▶ _AVAILABLE DATA_:

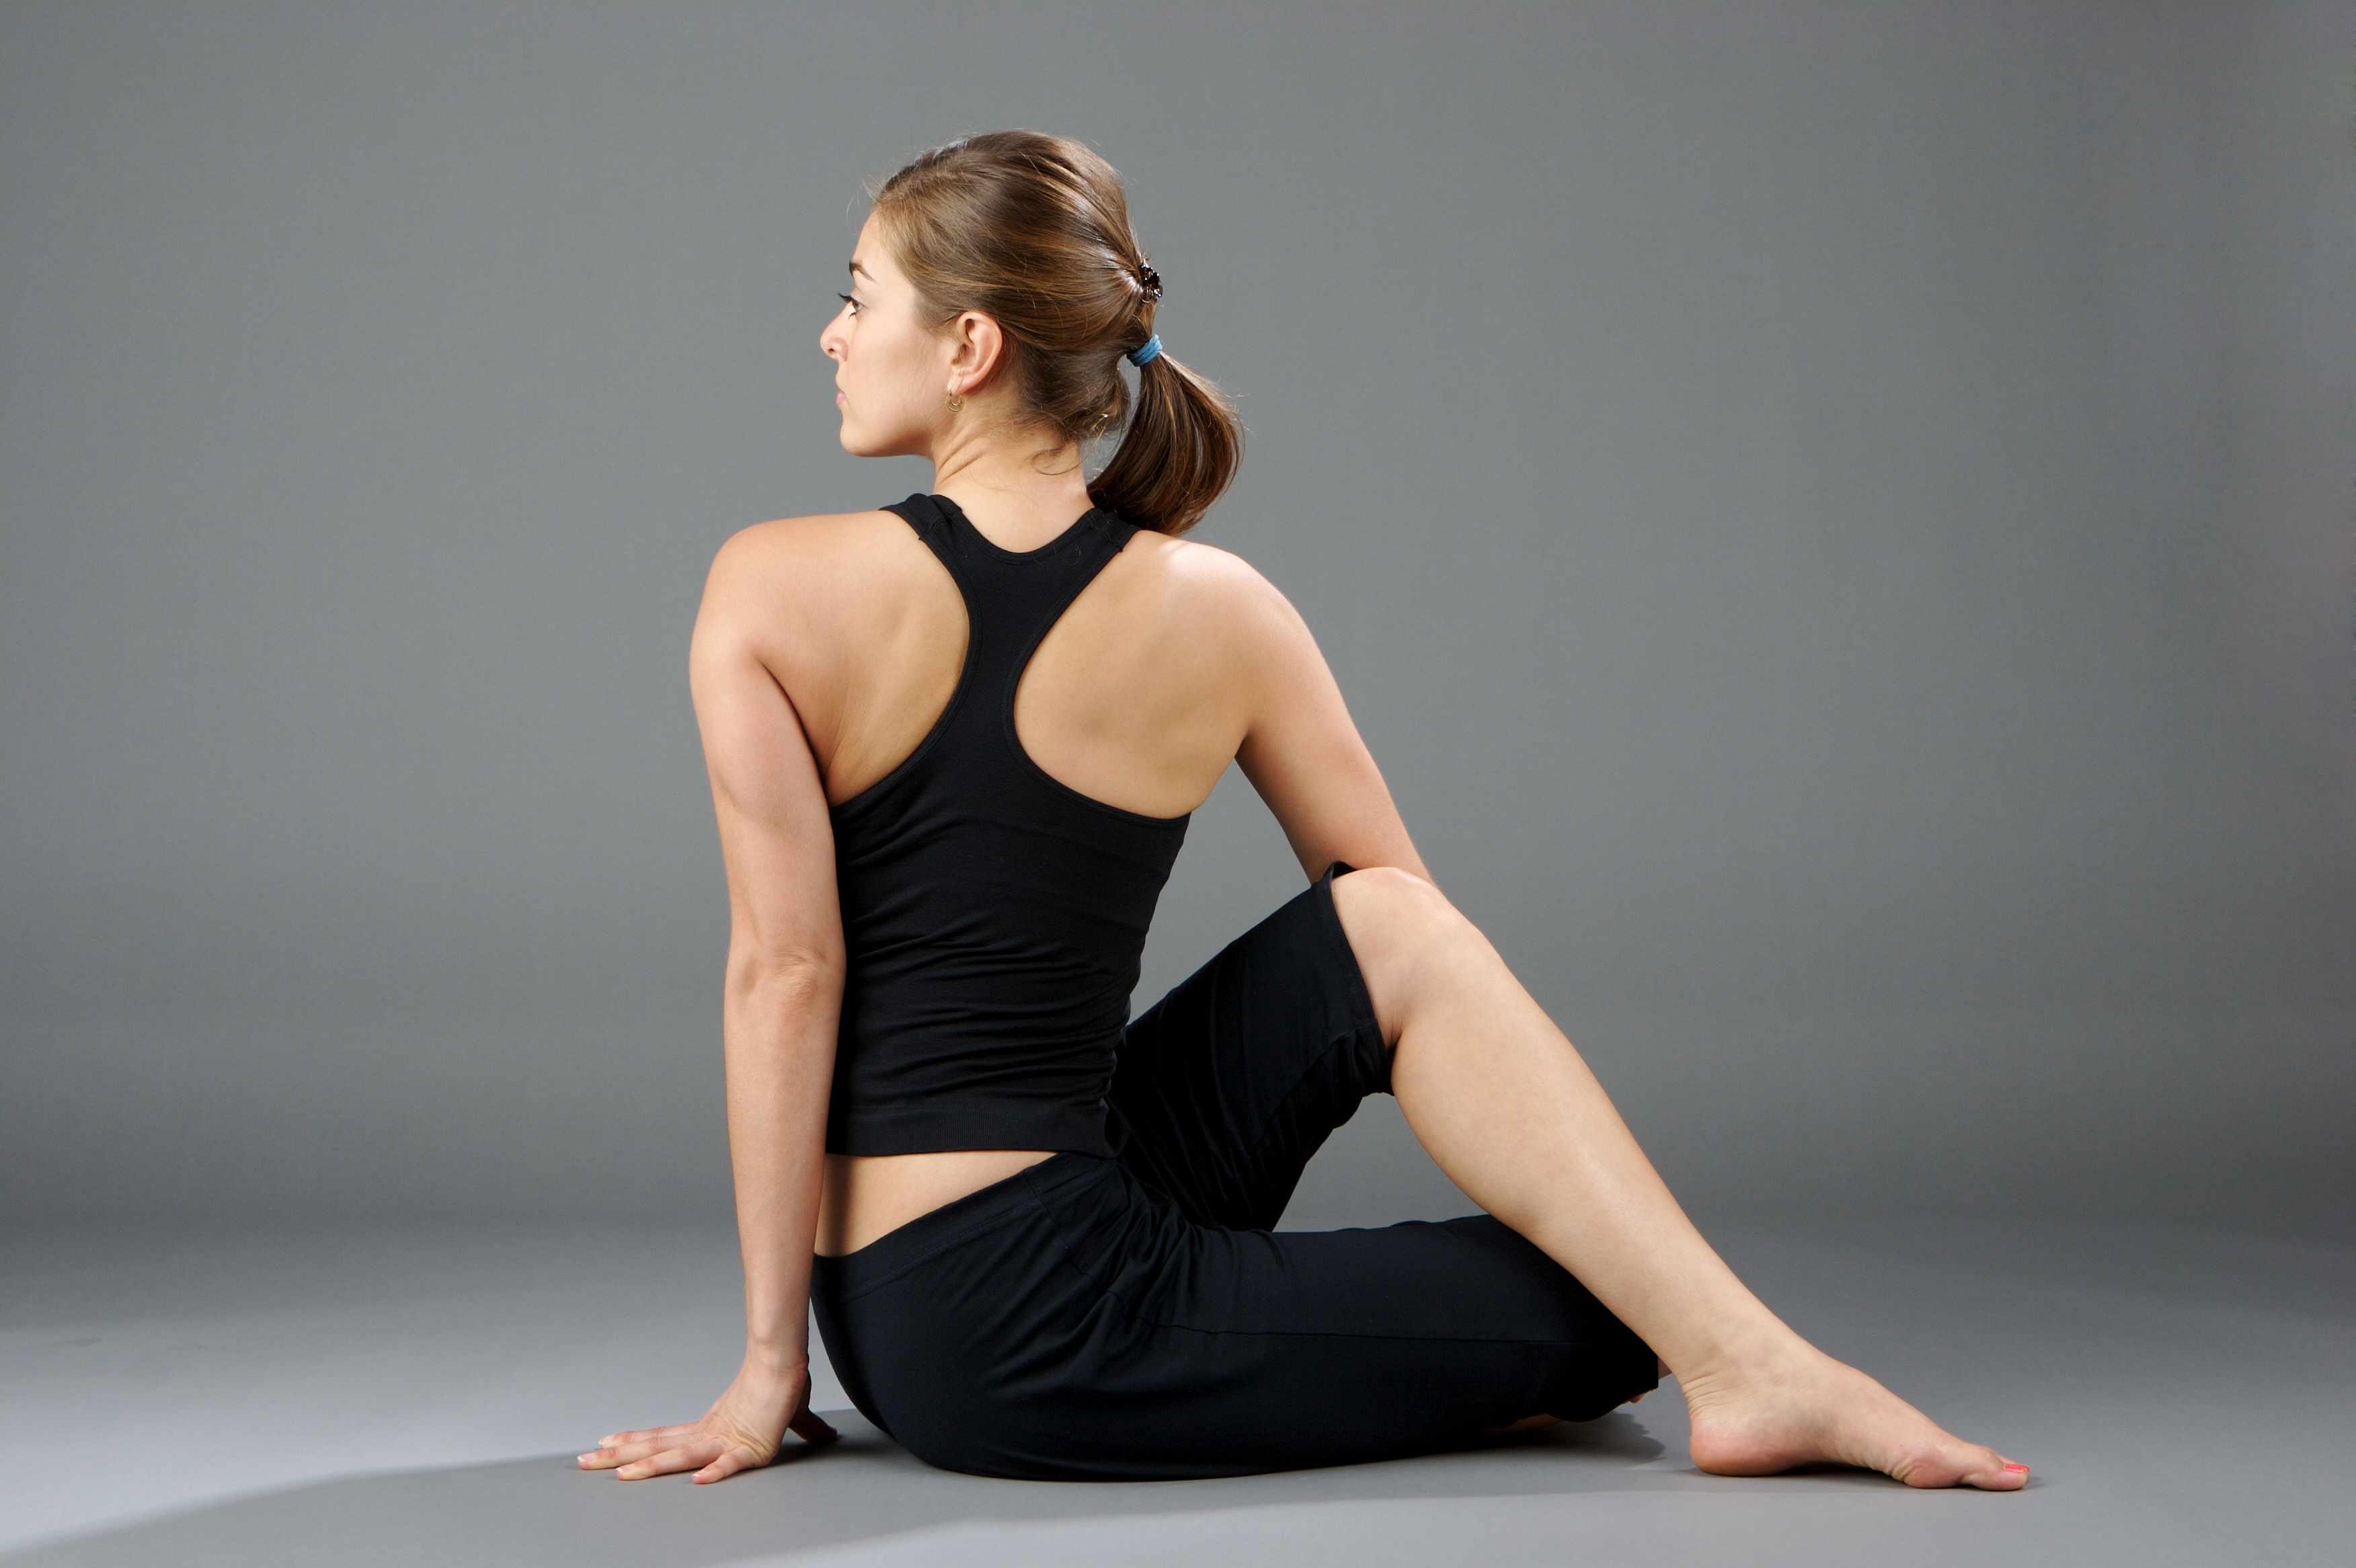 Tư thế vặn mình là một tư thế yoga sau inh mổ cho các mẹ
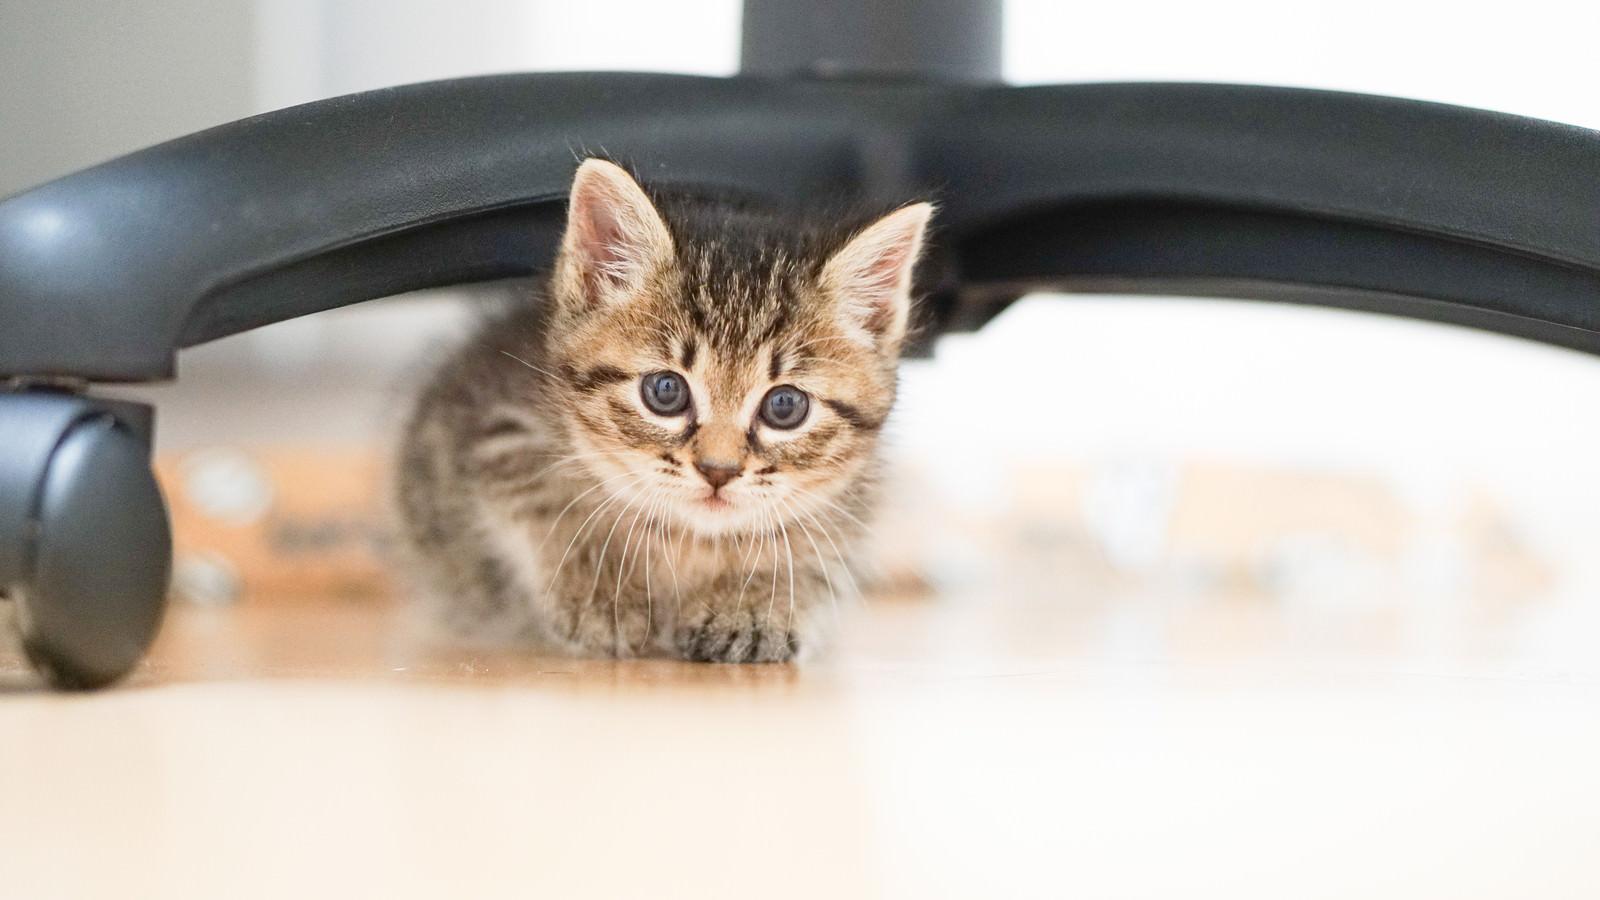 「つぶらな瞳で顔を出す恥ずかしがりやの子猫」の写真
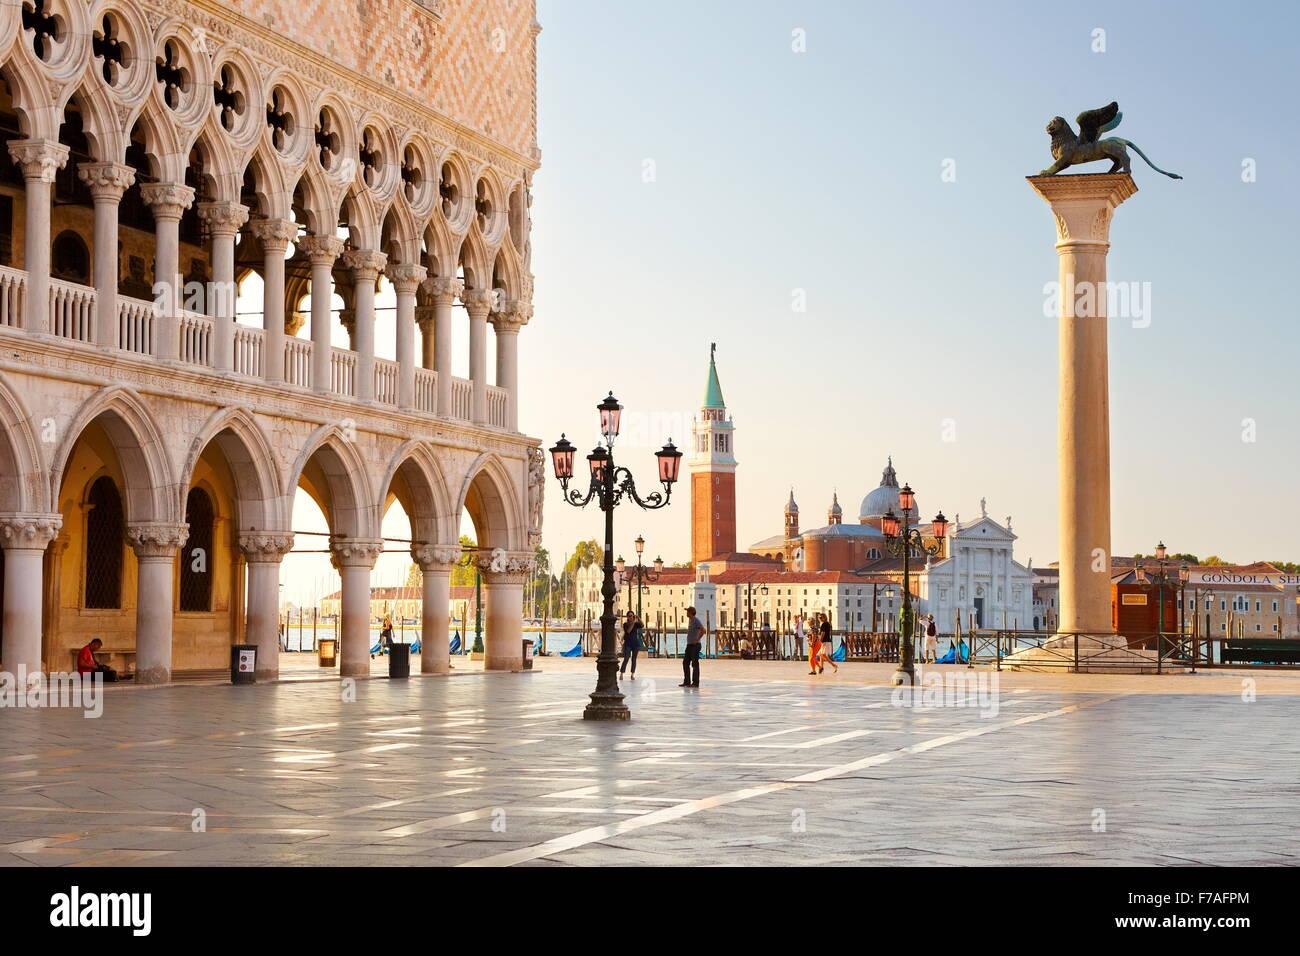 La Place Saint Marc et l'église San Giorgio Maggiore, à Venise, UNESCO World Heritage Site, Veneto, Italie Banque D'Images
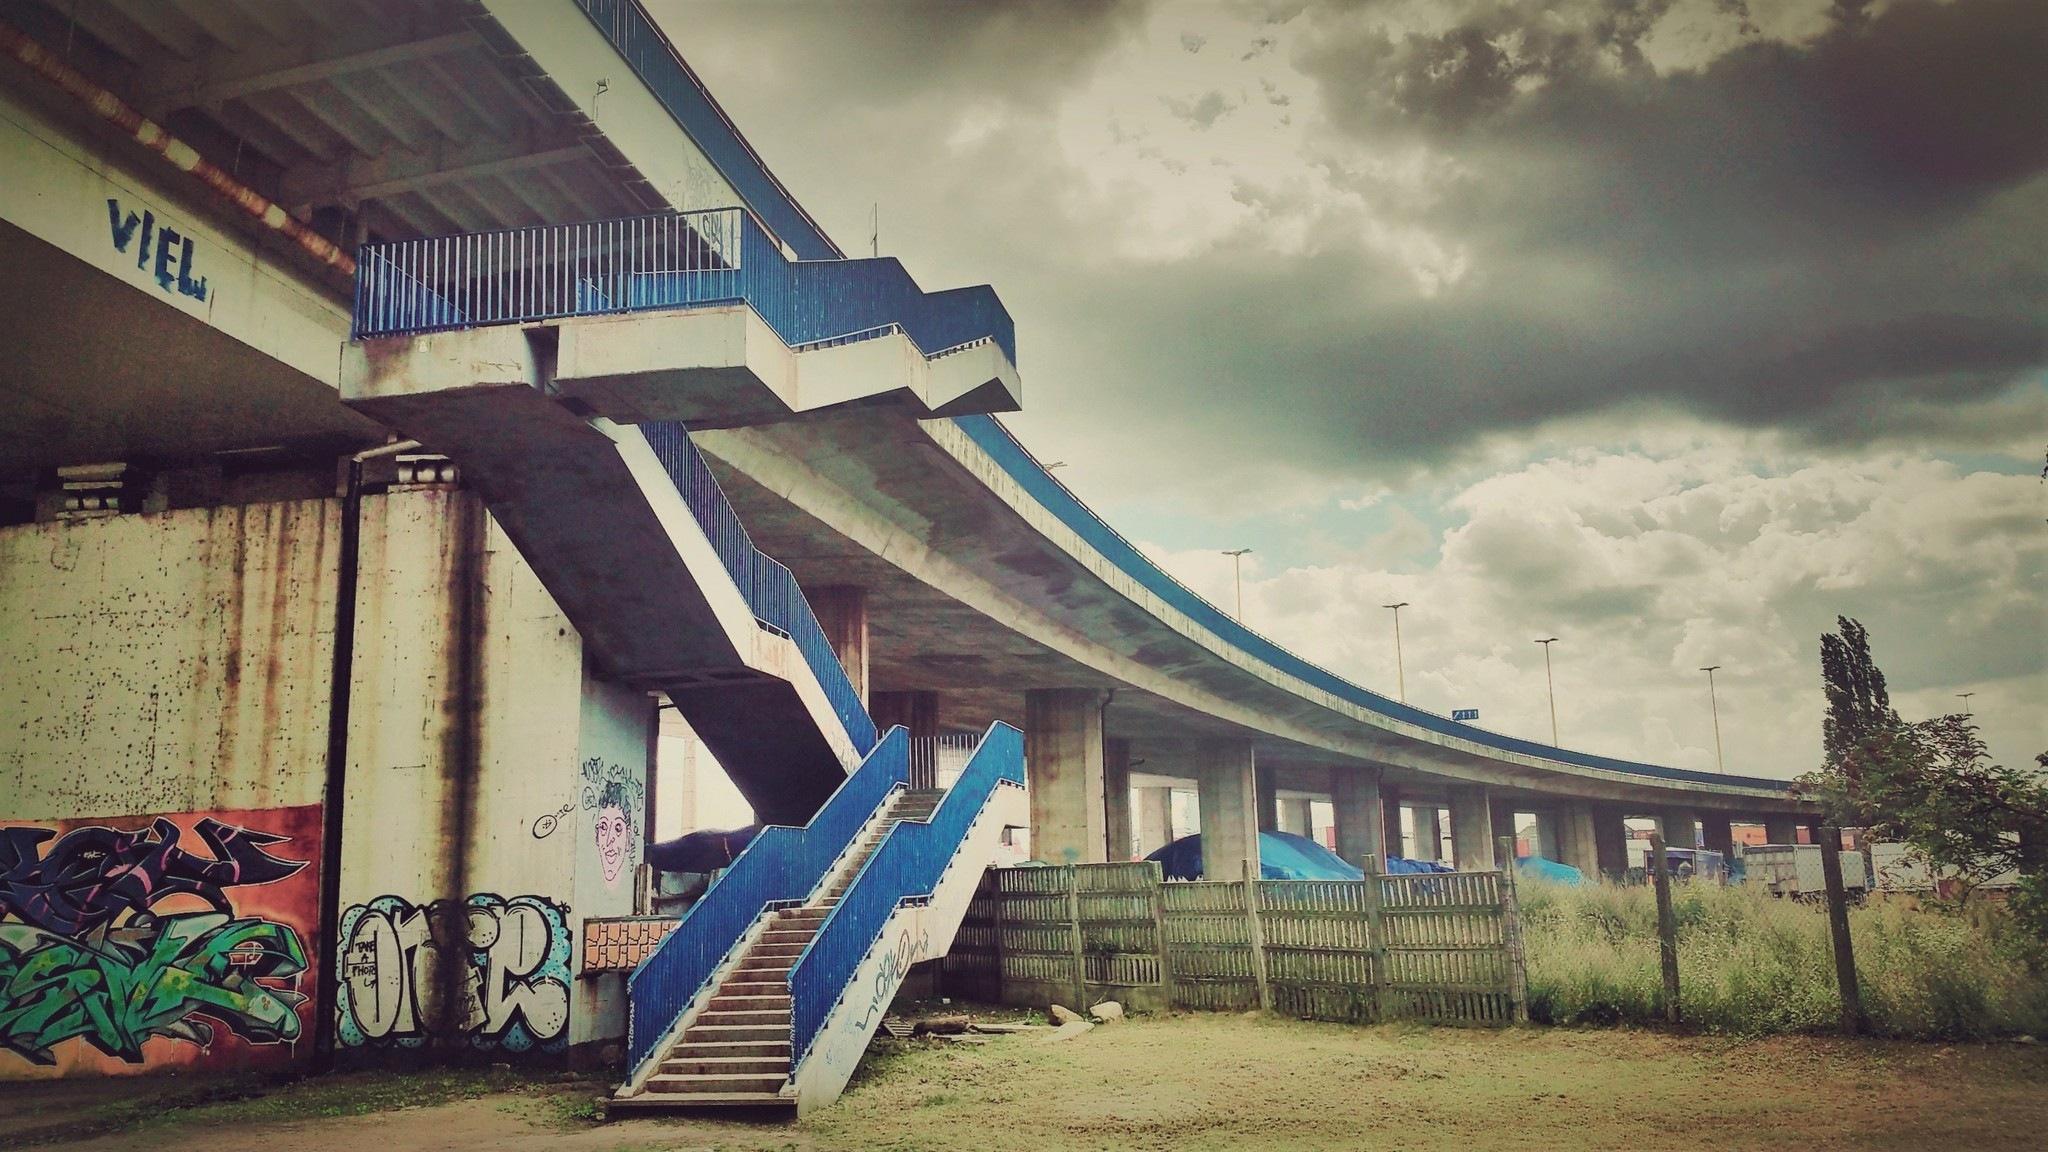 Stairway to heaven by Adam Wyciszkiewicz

▶ _TASK TO COMPLETE_: What the task needs is the material above repeated exactly, pictures excepted.

▶ _RESPONSE_:
 Tư thế vặn mình là một tư thế yoga sau inh mổ cho các mẹ
 「つぶらな瞳で顔を出す恥ずかしがりやの子猫」の写真
 La Place Saint Marc et l'église San Giorgio Maggiore, à Venise, UNESCO World Heritage Site, Veneto, Italie Banque D'Images
 Stairway to heaven by Adam Wyciszkiewicz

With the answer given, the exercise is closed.